Если наложить рассмотренные факторы и механизмы демократизации на траектории политической эволюции посткоммунистической России, то картина выглядит более чем противоречивой. На первый взгляд, все факторы успешной демократизации в нашей стране как будто бы налицо. Россия по мировым меркам обладает вполне благоприятным с точки зрения демократии уровнем социально-экономического развития – уровень ВВП на душу населения в 10 000 долларов США (в пересчете по паритету покупательной способности), который специалисты рассматривают в качестве критического порога для устойчивого выживания демократии[53], наша страна миновала еще в середине 2000-х годов. Индекс человеческого развития в России хотя и отстает от ряда развитых европейских стран, но существенно выше среднемирового, да и уровень социально-экономического неравенства, хотя и заметно вырос в постсоветский период, не сравним с тем разрывом в доходах и социальных возможностях, который отмечается во многих демократических странах Латинской Америки. Также, Россия – достаточно гомогенная страна в этническом и религиозном отношении: примерно 4/5 ее населения – это русские, потенциал для конфликтов на национальной и религиозной почве относительно невысок (за исключением регионов Северного Кавказа), да и сепаратистские тенденции нигде, кроме того же Северного Кавказа, не создавали неустранимых вызовов единству страны. Казалось бы, все эти факты как будто подкрепляют аргументы «оптимистов» по поводу перспектив демократии в России. Вместе с тем, ни один из механизмов демократизации в постсоветский период российской истории так и не сработал (по крайней мере, пока), и на практике в стране отмечались совершенно иные политические тенденции.

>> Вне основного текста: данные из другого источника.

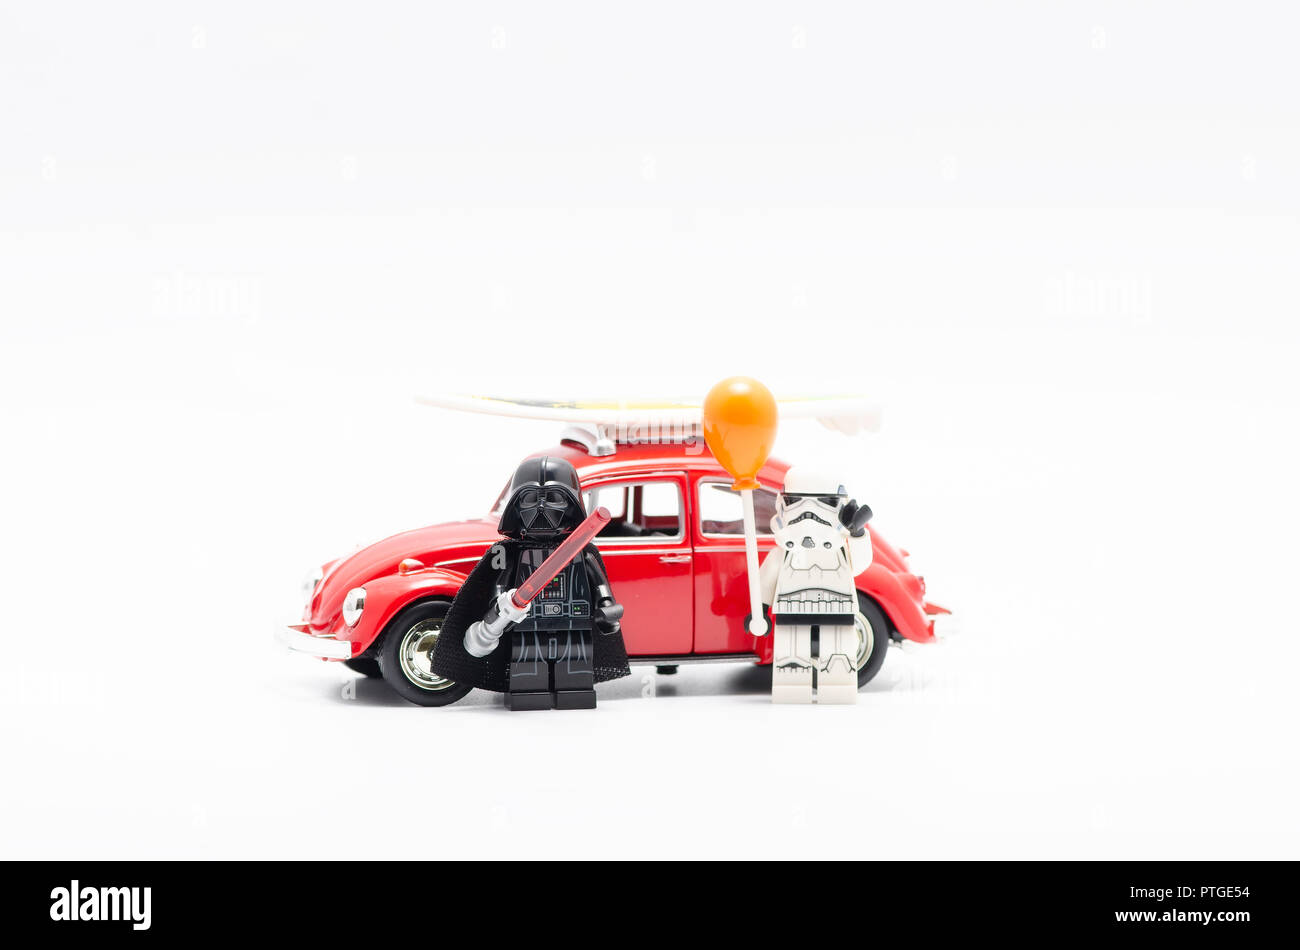 Lego darth vader and storm trooper holding balloon with volkswagen. Stock Photo

Во-первых, массовое общественное участие в российской политике после распада СССР и вплоть до декабря 2011 года не играло первостепенной роли. Хотя период 1989–1991 годов в нашей стране был отмечен крупномасштабной массовой мобилизацией населения против режима власти КПСС и волной протестных движений[54], позднее эта волна пошла на спад, не оставив заметного следа. Даже глубокий и длительный трансформационный спад в экономике в 1990-е годы не вызвал в последующее десятилетие значительных по масштабу проявлений массовой мобилизации против политики правительства России, а единственными сколько-нибудь заметными их проявлениями в 2000-е годы стали лишь выступления пенсионеров против так называемой монетизации льгот, прошедшие в ряде городов в начале 2005 года. Более того, американский политолог Грэм Робертсон, проанализировав данные ведомственной статистики МВД России о масштабах забастовок в различных регионах страны во второй половине 1990-х годов, сделал вывод о том, что наибольшее влияние на размах протеста в тот период оказали конфликты между губернаторами и федеральным Центром. Проще говоря, немалая часть забастовок была инспирирована и поддержана региональными властями в качестве средства «выбивания» из Москвы выплат по многочисленным долгам, а массовое участие выступало лишь инструментом в этой борьбе элит[55]. Неудивительно, что властям длительное время успешно удавалось справляться со спонтанно возникавшими в разных регионах страны разнообразными проявлениями общественного недовольства (от экологических движений до обманутых «дольщиков»), локализуя протесты на местном уровне и не допуская их разрастания в масштабах страны в целом, а тем более – перехода требований общественных движений на уровень призывов к реформе политической системы (что как раз и происходило в 1989–1990 годах). Сугубо политический протест в России, по меньшей мере после 1993 года, оставался уделом тонкого слоя «несогласных» активистов, не оказывавших заметного воздействия на политический процесс в стране. Тем более неожиданной для многих наблюдателей оказалась новая волна политической мобилизации после парламентских выборов 2011 года, о которой подробнее речь пойдет в главе 5.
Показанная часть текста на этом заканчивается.